Slavery at Farmington

Farmington’s Beginnings

John Speed (1772-1840) migrated from Virginia in 1782 with his parents, brothers, sisters and family slaves. In the late 1790s he operated the salt works at Mann’s Lick in southern Jefferson County. Many of the laborers there were enslaved African Americans whom Speed hired from other slave owners. The income derived from his successful operation of the salt works enabled Speed to purchase land on Beargrass Creek, including the present site of Farmington, around 1809.

In 1808 Speed, a widower with two daughters, married Lucy Gilmer Fry (1788-1874), a Virginian who had come to Kentucky with her family in 1798. A letter written by John Speed in 1809 mentions that the family was then living in cabins on what would become the 550-acre Farmington property.

Tax lists and census records, beginning in 1800, show that John Speed owned varying numbers of enslaved African Americans. The 1810 census lists Speed as owning 10 slaves, and family information suggests that two of these persons were Phyllis Thurston and her brother, Morocco – both of whom had been owned by the Fry family and given to John and Lucy Speed

According to tax lists, John Speed owned 12 enslaved African Americans in 1811, 39 in 1812 and 43 in 1813. This rapid increase in slave ownership reflects the establishment and development of Speed’s plantation at Farmington. The main cash crop was hemp, which was used to make rope and bagging for the cotton trade. The farm also produced corn, hay, apples, pork, vegetables, wheat, tobacco and dairy products. The tasks of planting, harvesting and shipping products to market were performed primarily by enslaved African Americans who worked in the fields, labored at the ropewalk and drove the wagons.

The house at Farmington was begun in 1815 and completed in late 1816, according to a proposal and contract with master carpenter Robert Nicholson. Construction of the house would have involved large numbers of enslaved African Americans, some of whom may have been skilled artisans such as blacksmiths, carpenters, sawyers and masons.

Slavery at Farmington

Slave life at Farmington was representative of slave life at other large Kentucky plantations. From the time Farmington was built in 1816 until John Speed’s death in 1840, between 45 and 64 enslaved African Americans worked on the plantation. The average Kentucky slaveholder owned fewer than 5 slaves, but Farmington, with its large slave population, resembled the large plantations of the state’s Bluegrass region.

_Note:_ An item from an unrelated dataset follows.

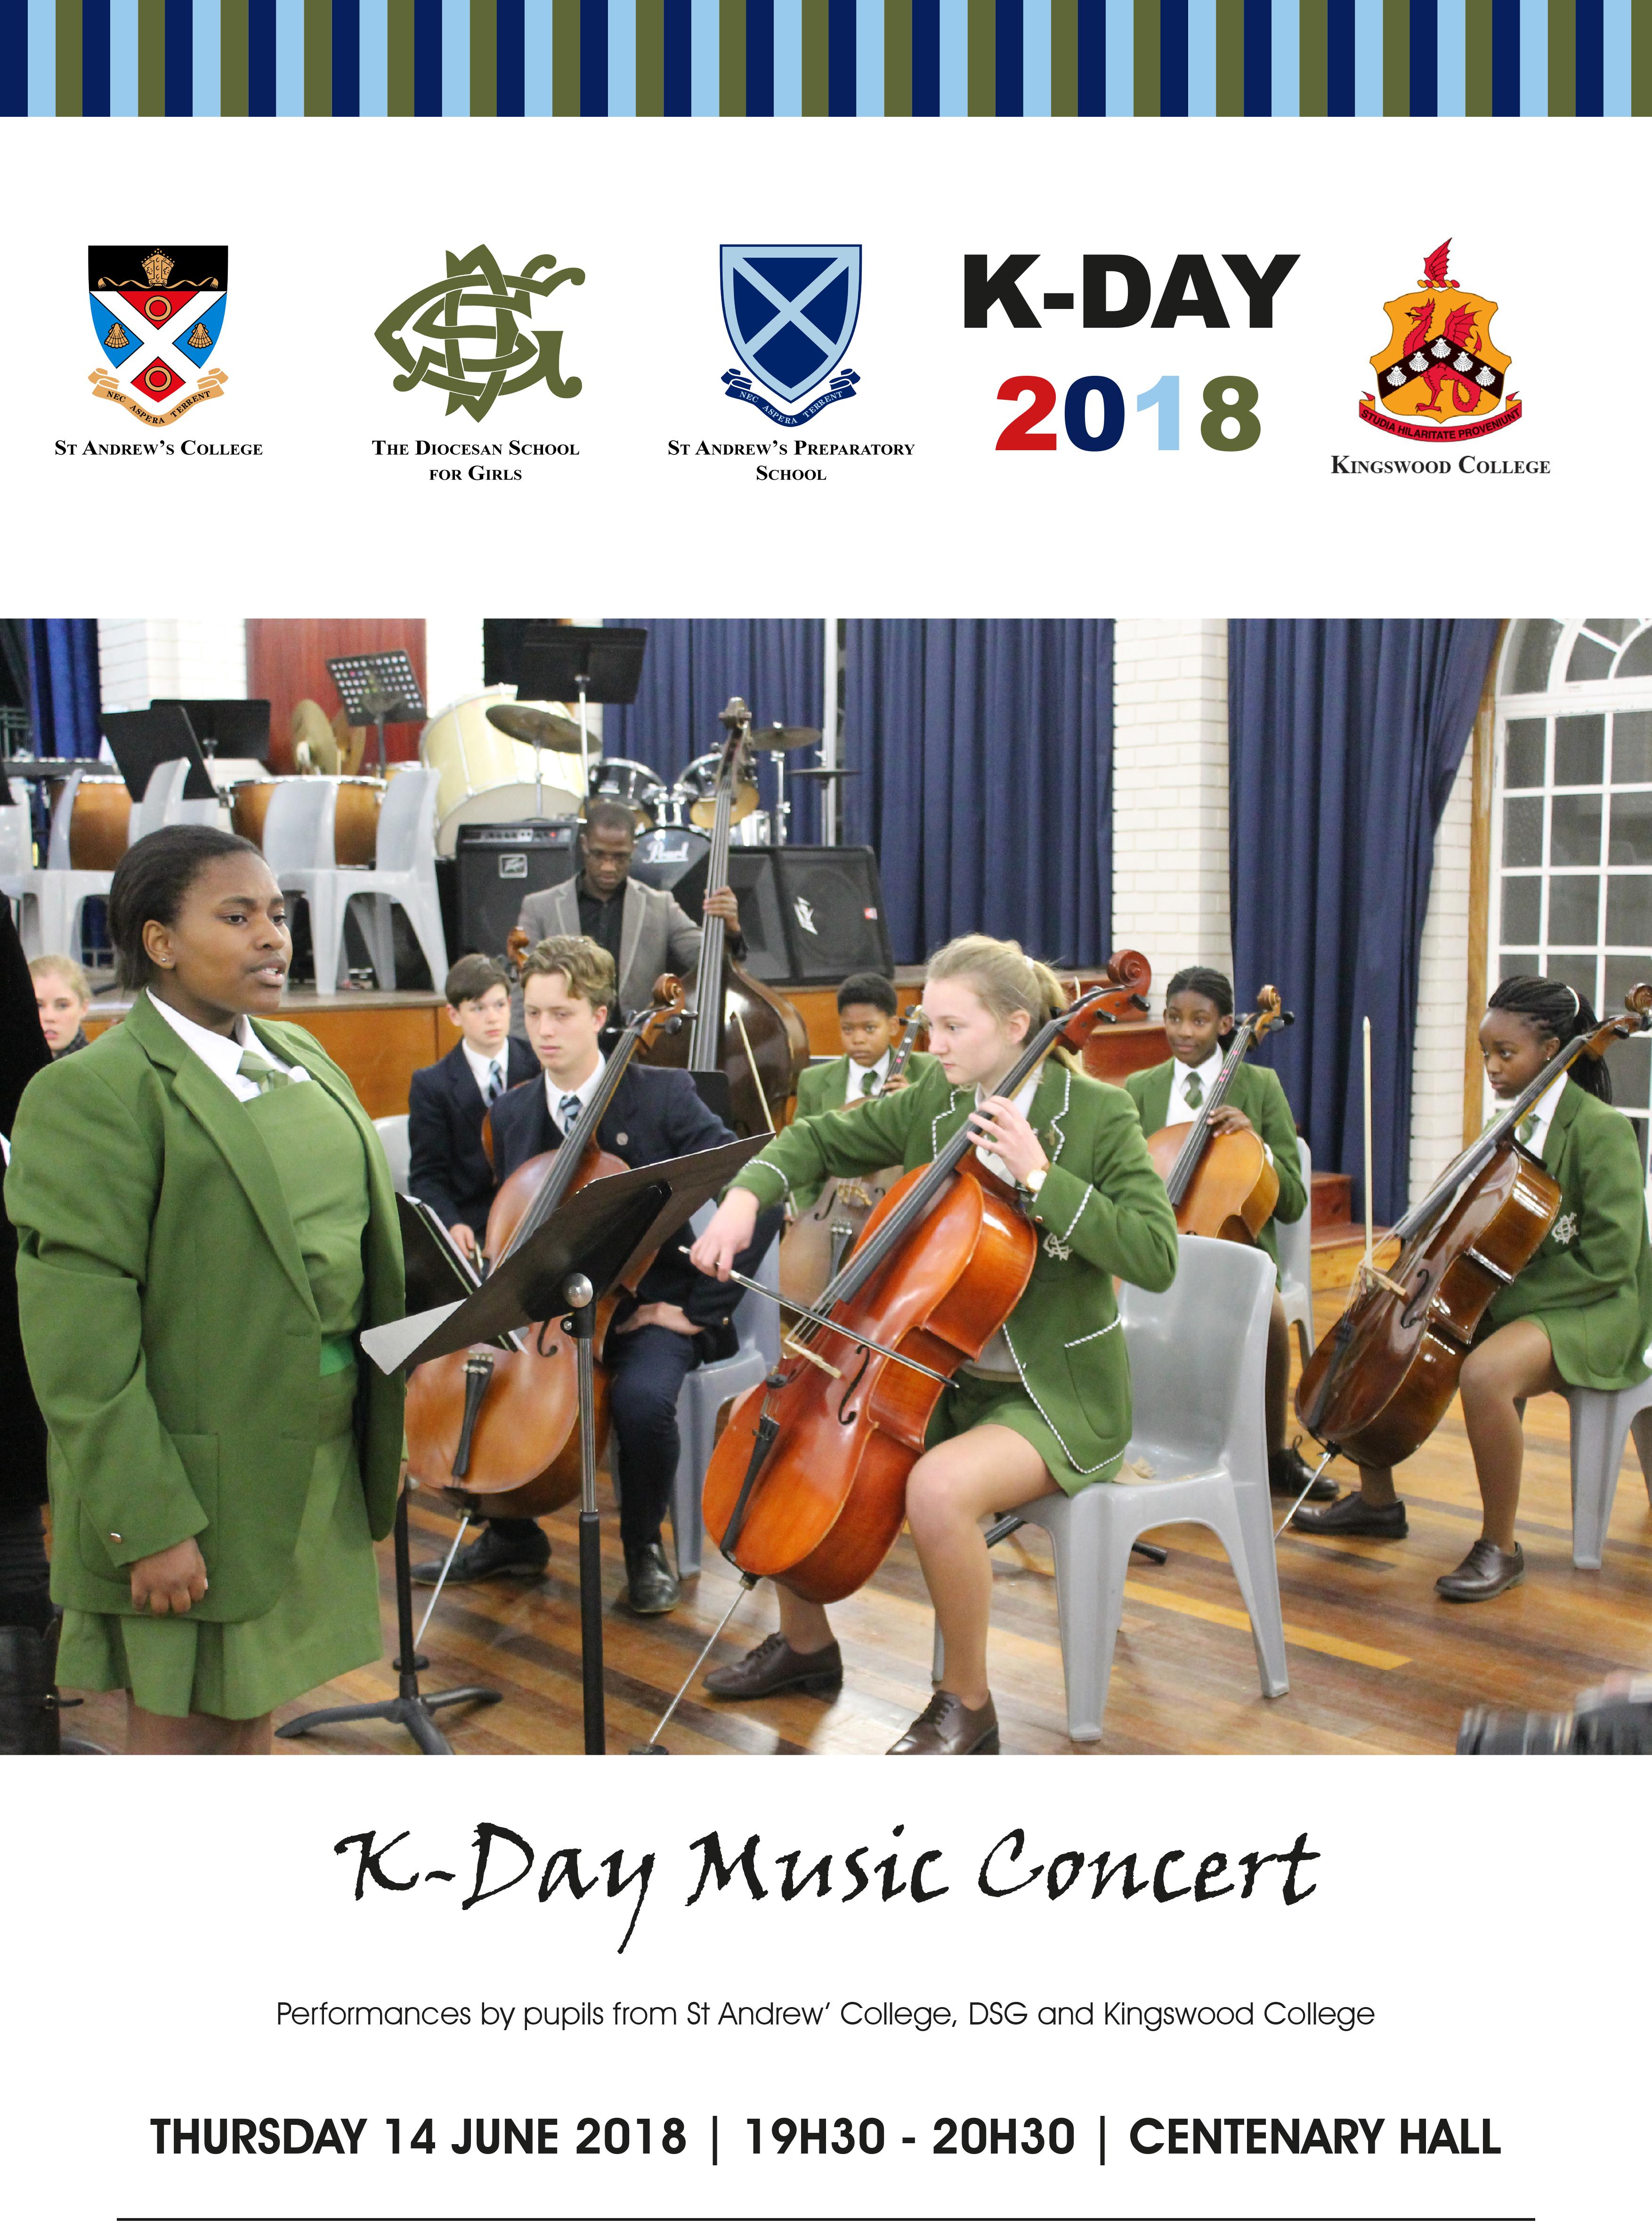 K-Day 2018 Music Concert Poster

Although the family was strongly pro-Union, slavery for most Speed family members was an accepted way of life, as it was in the community in which they lived. Slave labor was essential to the profitable operation of the plantation, just as it had been for Speed’s salt works at Mann’s Lick. The profits derived from the labor of enslaved African Americans at Farmington, as well as income received from hiring out slaves, helped to pay for luxury goods and education for the children in addition to family necessities.

There is a limited amount of information about slave life at Farmington and the different attitudes of various members of the Speed family toward slavery. Much of this information is found in oral histories, court records, newspapers, interviews and family letters. An 1863 interview with James Speed conducted by the American Freedmen’s Inquiry Commission provided his perspective on life at Farmington.

African American men and women had very different responsibilities. One of the main activities of men was the back-breaking task of harvesting hemp, which entailed cutting, hauling and pounding open the hemp stalks on a hemp break. Each man was required to break 80-100 pounds of hemp per day. James Speed stated that men who exceeded this quota were paid for their “extra work.”

According to Speed, women labored outside of the house milking cows and driving them to pasture and carrying heavy loads of wood and water a considerable distance to the house. Enslaved African Americans who worked in the house, primarily women, did the cooking and cleaning, lit the fires, sewed the clothes, churned butter and performed myriad other household tasks. While letters reveal that the Speed women did sometimes work with their hands, James Speed apparently believed that Kentucky women tended toward idleness. He wrote that “they do not even get up to go across the room to get a drink of water; a Negro brings it to them.”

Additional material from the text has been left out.